Read Betrayer of Worlds Page 9


  Achilles was never one to admit to doubt or uncertainty. Or to hesitate to gamble with the lives of others.

  Still, could pillaging make these circumstances any worse? Probably not. And if Achilles’ mad adventure did turn the Pak attention toward the Fleet, Pak knowledge might even the odds.

  Nessus sang, “If Louis agrees to the attempt, and I am convinced it does not put my mission at risk, I will act.”

  “And what is that mission?”

  “That is a matter for the Hindmost to disclose.” I have powerful friends.

  “You never had any imagination,” Achilles sang, his undertunes rich with derision. “That is why you remain a scout and I am a minister.”

  Yet I command a ship while you wear a convict’s stun anklet, Nessus thought, and that device will remain on your foreleg for as long as you are on my ship. I need only to trill the proper chords and you will topple like a tree in a storm.

  And because Louis Wu is no fool, we saved you.

  “If Louis agrees,” Nessus repeated, “and I am convinced the effort can be undertaken safely, we will see.”

  And anything Louis recovers from the Library will be delivered to Baedeker, not Achilles.

  The outer hatch of a Pak air lock loomed in Louis’s heads-up display, the image relayed from a camera in the nose of a remote-controlled, thruster-impelled Puppeteer probe.

  The probe’s usual purpose was refueling. A stepping-disc/molecular-filter stack would transfer deuterium from any convenient ocean into Aegis’ tanks. Today, its nose cone removed, the stepping disc stripped of its filter, the probe would deliver Louis straight to the derelict’s air lock. Aegis, with its impenetrable GP hull, held station just ahead of the Pak derelict to block the sleet of relativistic interstellar muck.

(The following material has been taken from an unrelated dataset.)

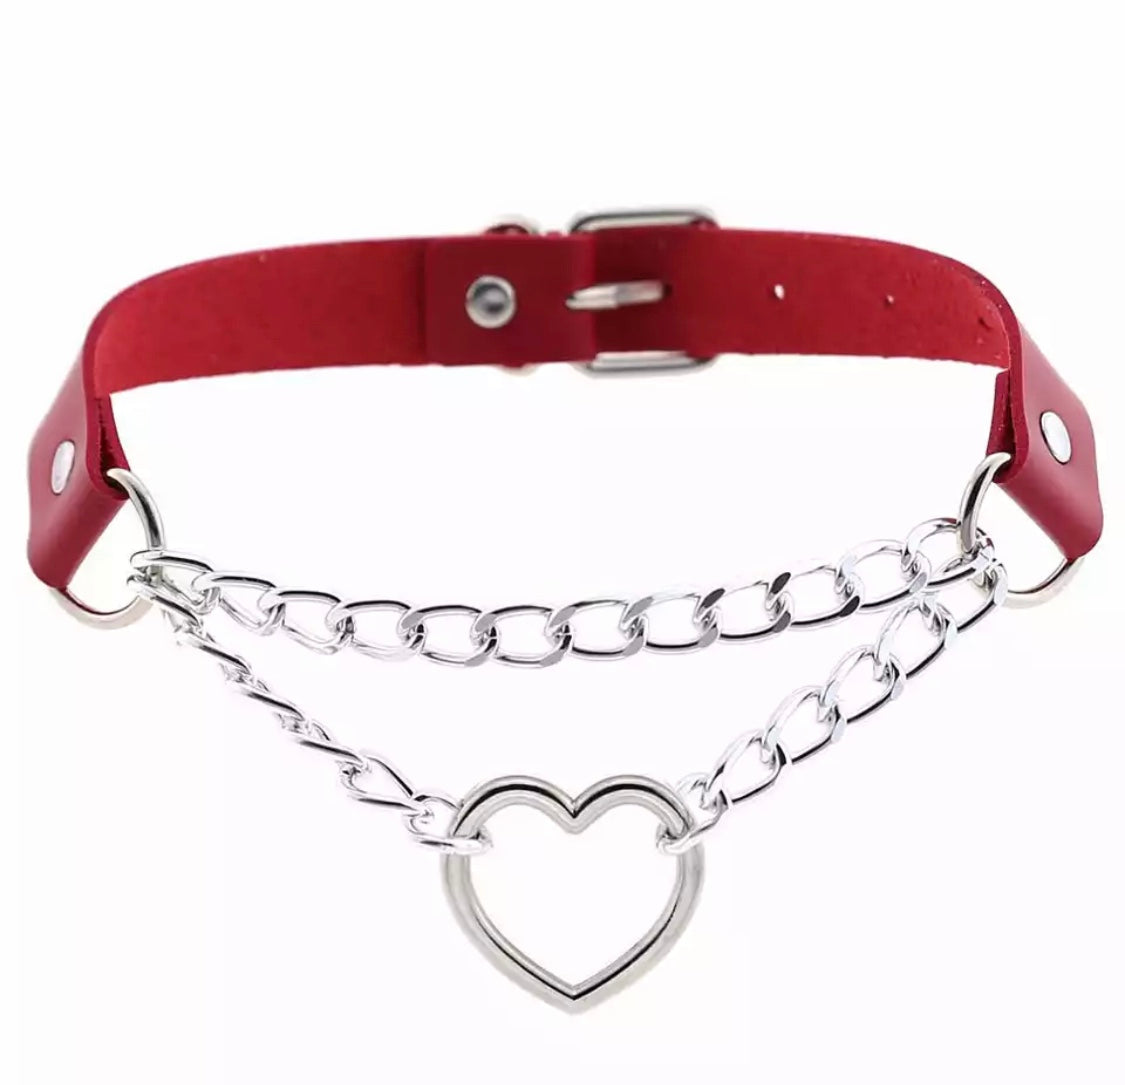 DDLGVERSE Vegan Leather Heart Chain Collar Red
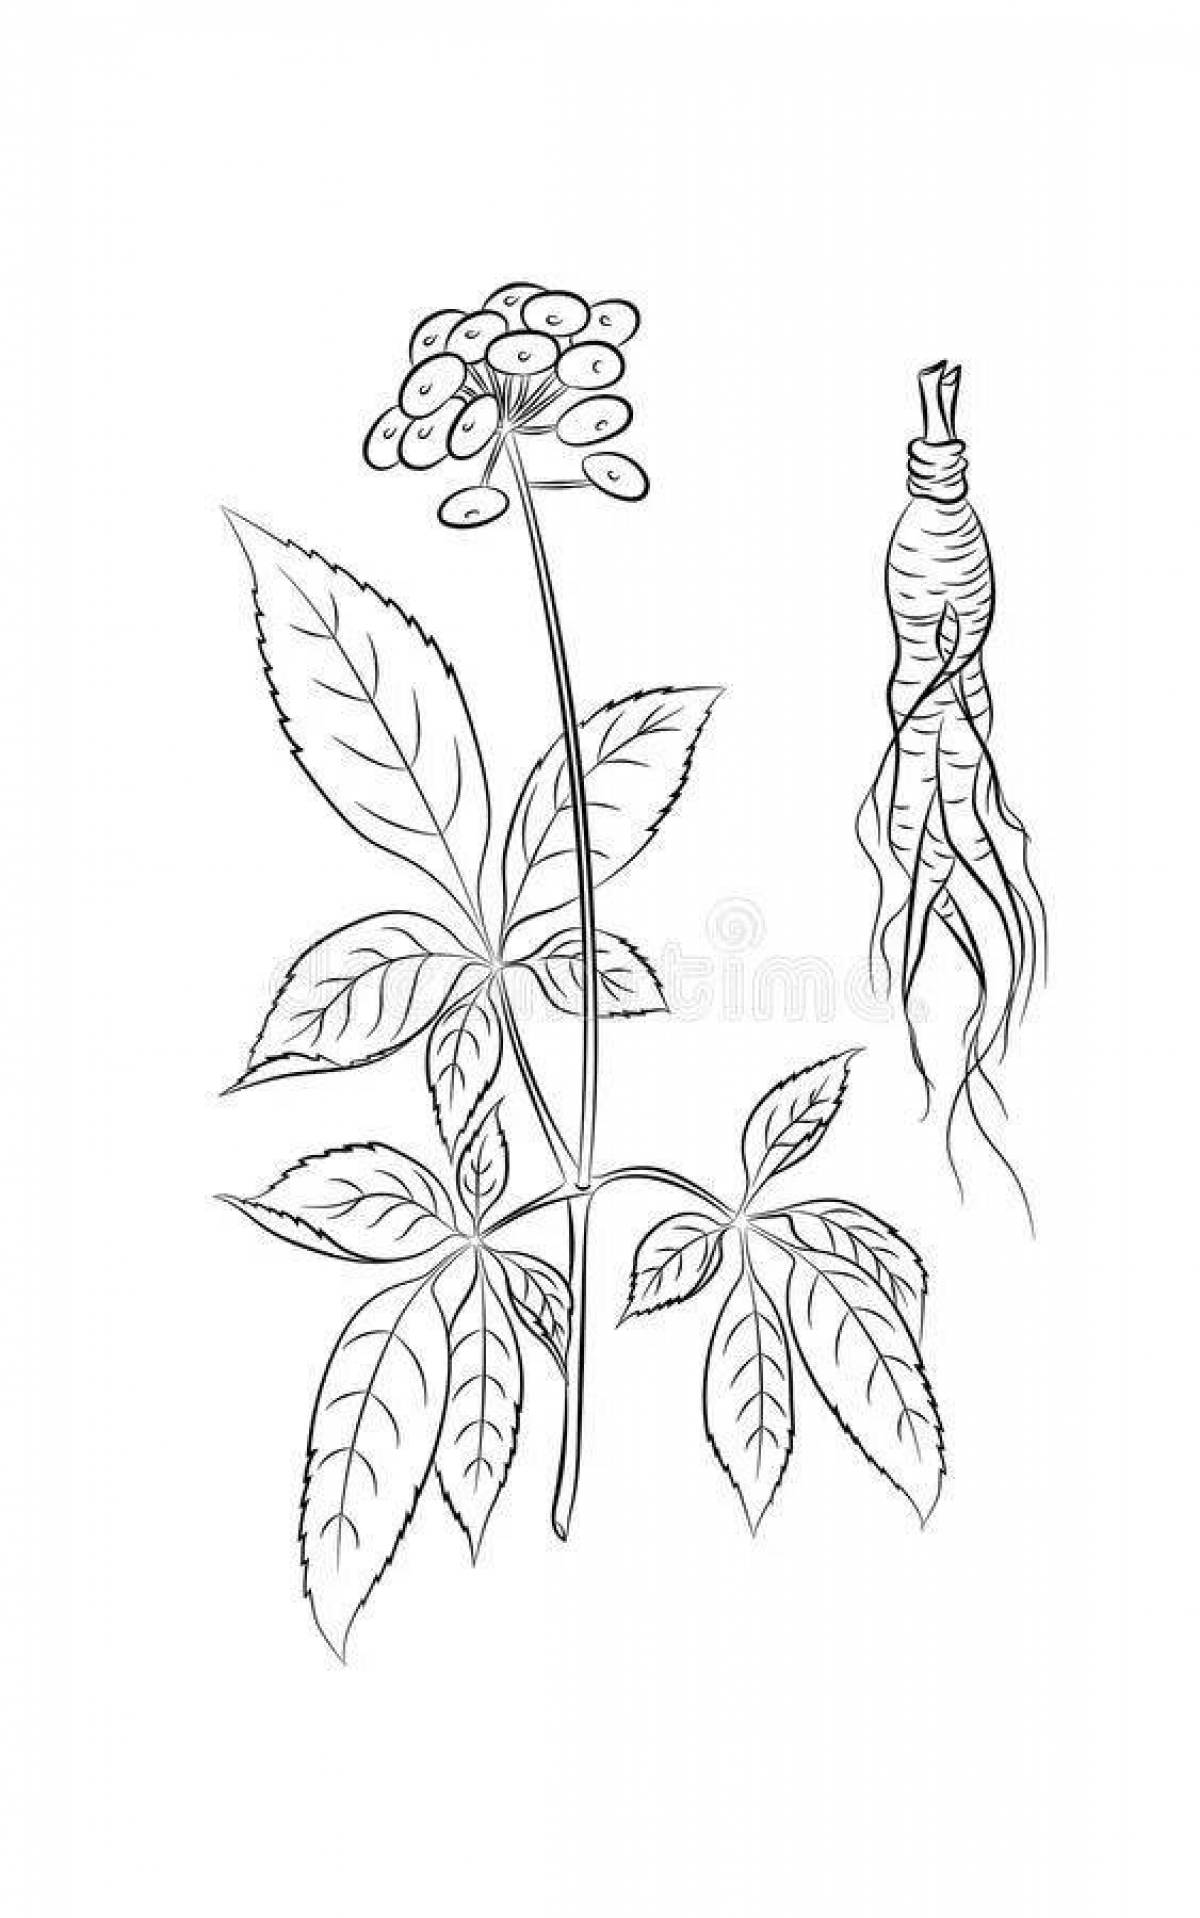 Animated ginseng coloring page

  Aegis would jump to hyperspace if anything unexpected happened. Louis could not expect Puppeteers to wait long for Louis to step back. If Achilles was at the helm, not at all.

  “Ready, Louis?” Nessus asked.

  Louis rechecked his spacesuit’s readouts. “Yes.” Ready as I’m going to be.

  Nessus and Achilles had argued about whether to attempt a boarding. At least Louis inferred an argument, the conversation sounding to him like hopped-up squirrels shut in a grand piano. Voice had said he was not allowed to translate.

  Nessus had left the decision up to Louis. Boarding might activate the ramscoop field or other, unknown, defenses. That the deuterium tanks on the derelict had run dry was pure speculation.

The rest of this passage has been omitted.